Information Technology and Informatics
Sarah K. Hartman, MD
Ben Taub Hospital Harris Health System, Baylor College of Medicine, Houston, TX
Houston, Texas, United States
Artificial Intelligence (AI) has the potential to revolutionize the practice of medicine. Patient care always takes priority, and some tasks are delayed in order to provide uninterrupted care or mitigate risks from multitasking. Reliable ways to complete tasks more quickly while not sacrificing quality are welcome. While most individuals are aware of the potential for AI, encountering utilization of AI is rare in the course of clinical work, education, administration, or leadership activities. Presented here are some of the ways AI can be used in timesaving and quality-preserving ways, as well as caution against over-reliance on the veracity of AI output.
Study
Design/Methods:
Typically, numerous hours are required to create a high quality de novo document. The workflow starts with a specific request to the AI software, followed by review of the AI response, with follow-up requests for additional detail, examples, resources, and references. The final AI response is reviewed by a senior transfusion medicine physician.
Results/Findings: New documents were created in minutes, not hours: new guidelines, educational documents, SBAR communication documents for resource requests, and goals and objectives for trainees. Creation of three separate drafts of Transfusion Medicine Rotation goals and objectives for three types of trainees (Anesthesiology, Pathology, and Transfusion Medicine) was accomplished within five minutes total, less than two minutes per initial request to generate a response and be ready for review and editing.

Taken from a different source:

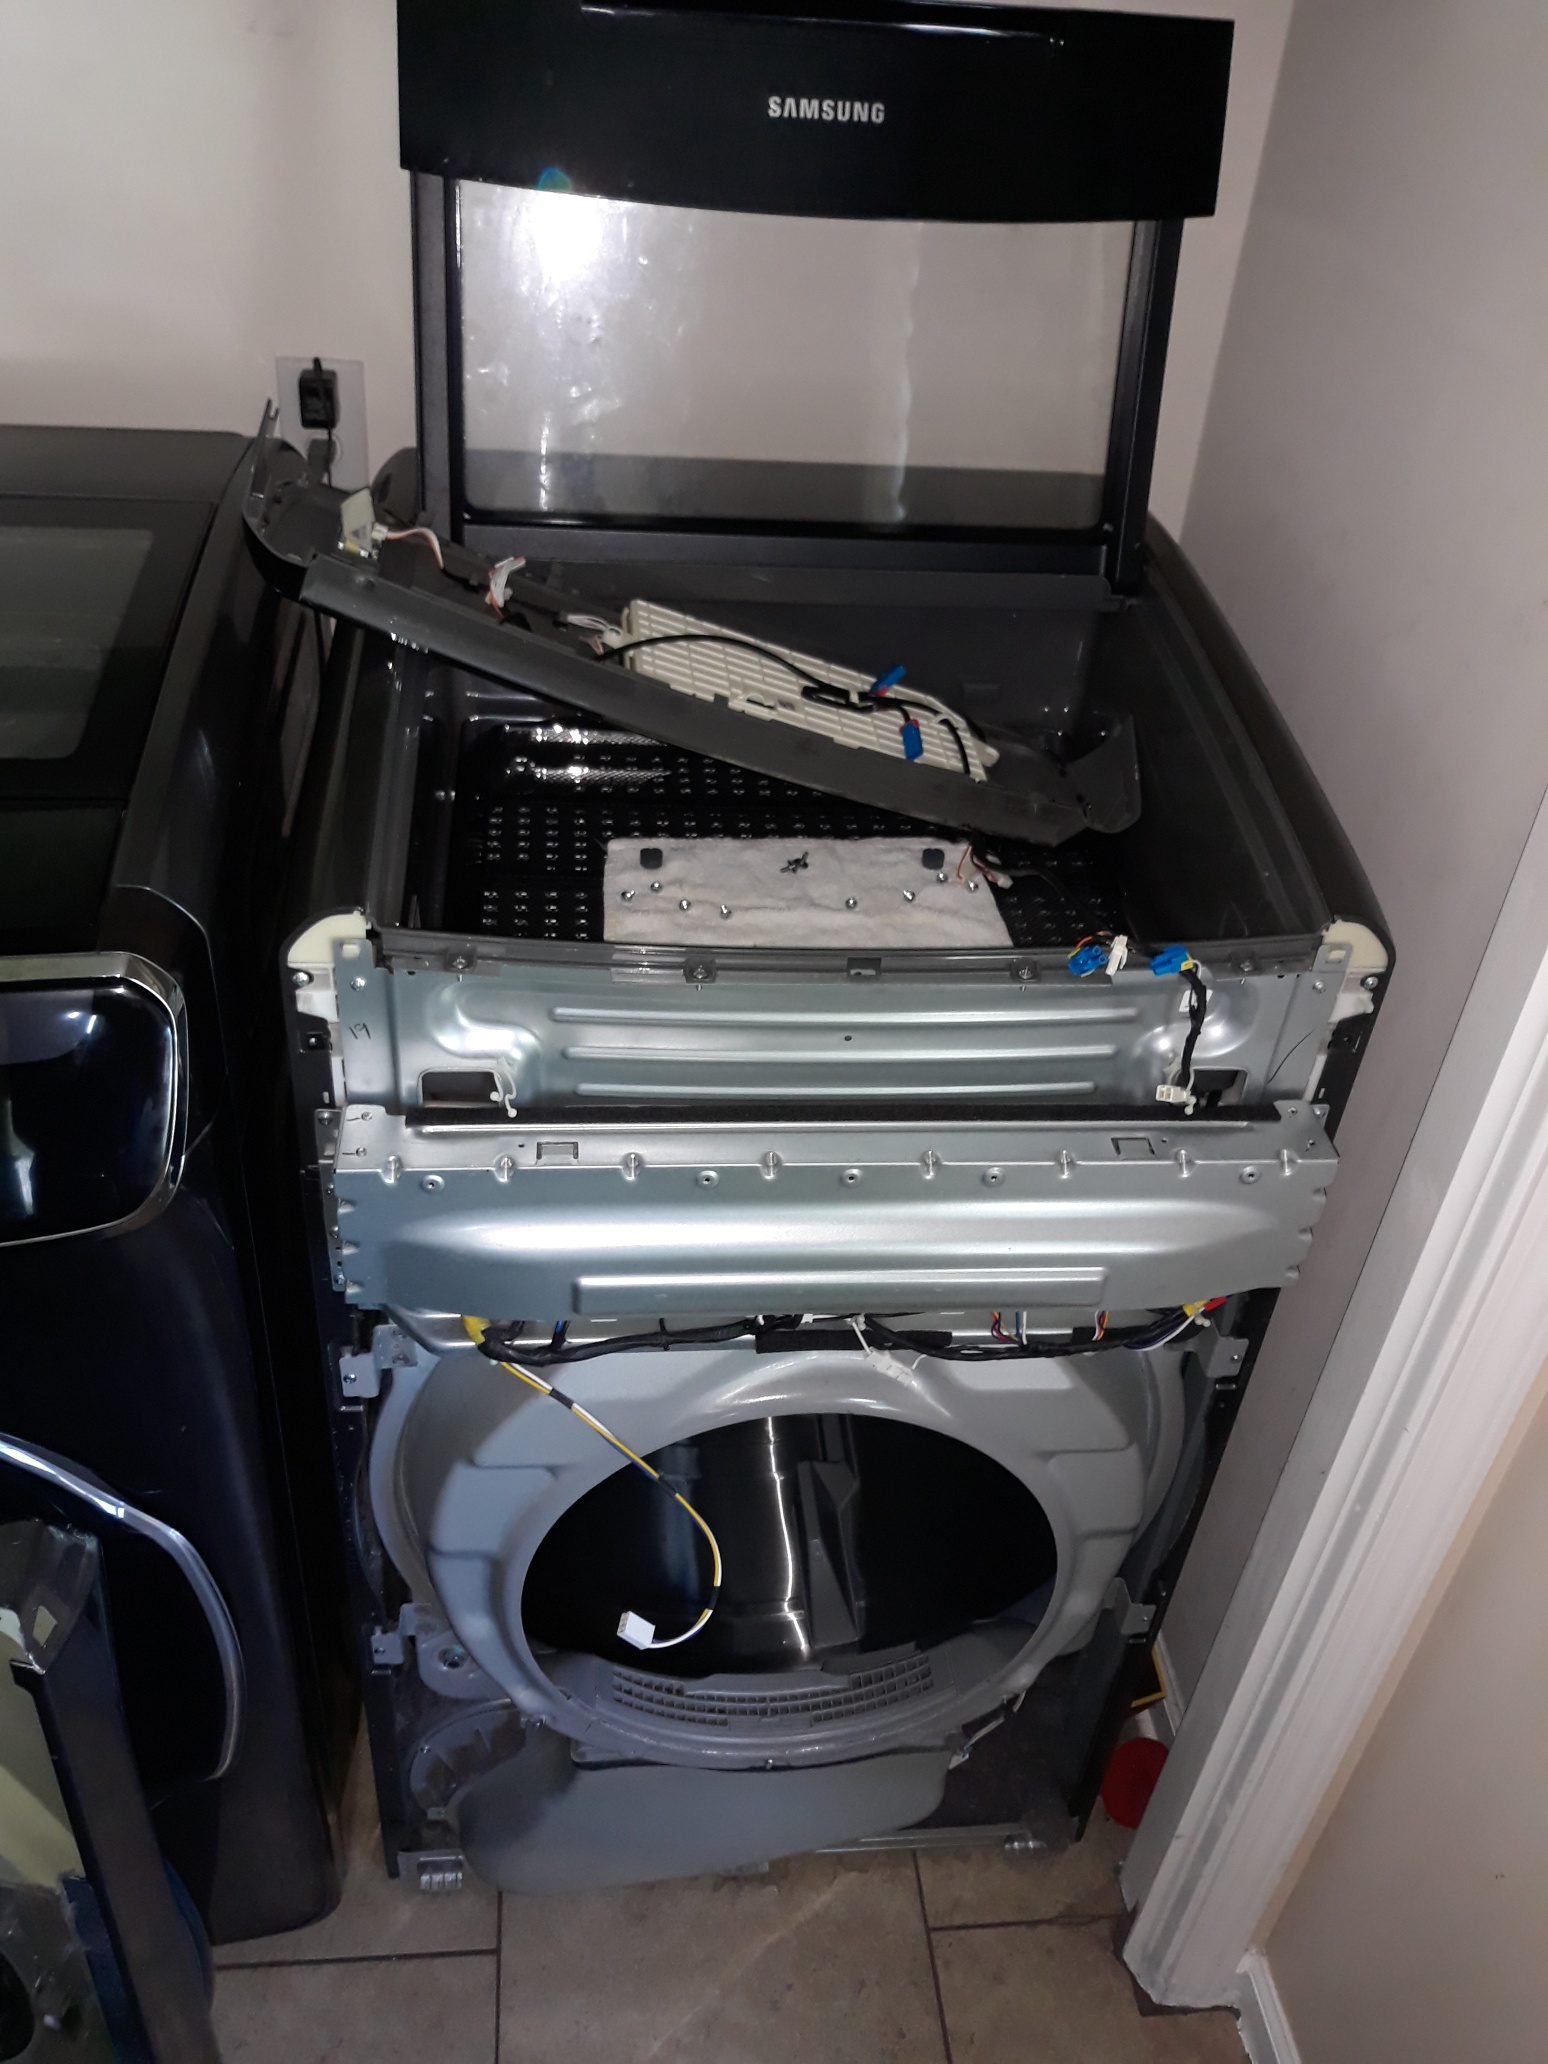 appliance repair dryer repair repair required replacement of the failed heating element that has an open circuit s quarters rd okahumpka fl 34762

The review and editing stage revealed limitations in AI performance. For example, when asked for irradiation guidelines for transfused products, all physician reviewers disagreed with the recommendations to irradiate any blood product intended for patients receiving prednisone. Queries to discover the source of the recommendation yielded a disclaimer on the general use of irradiated blood in immunosuppressed patients.
Conclusions:
While the integration of AI offers numerous benefits in theory, caution must be exercised in its adoption. Understanding the current limitations on the accuracy and ability of AI output must be carefully considered to ensure the ethical and safe implementation of AI technologies. Furthermore, the potential for overreliance on AI systems and the loss of human judgment in critical decision-making processes pose significant challenges that must be addressed prior to utilization. Implementing the aforementioned irradiation recommendations without revision by an experienced and knowledgeable reviewer would lead to significantly increased number of irradiated products, which may have negative clinical consequence as well as workflow challenges. A balanced approach is needed, combining the strengths of AI with the expertise of experienced blood bankers to optimize patient care while upholding ethical standards, resource stewardship, and patient safety.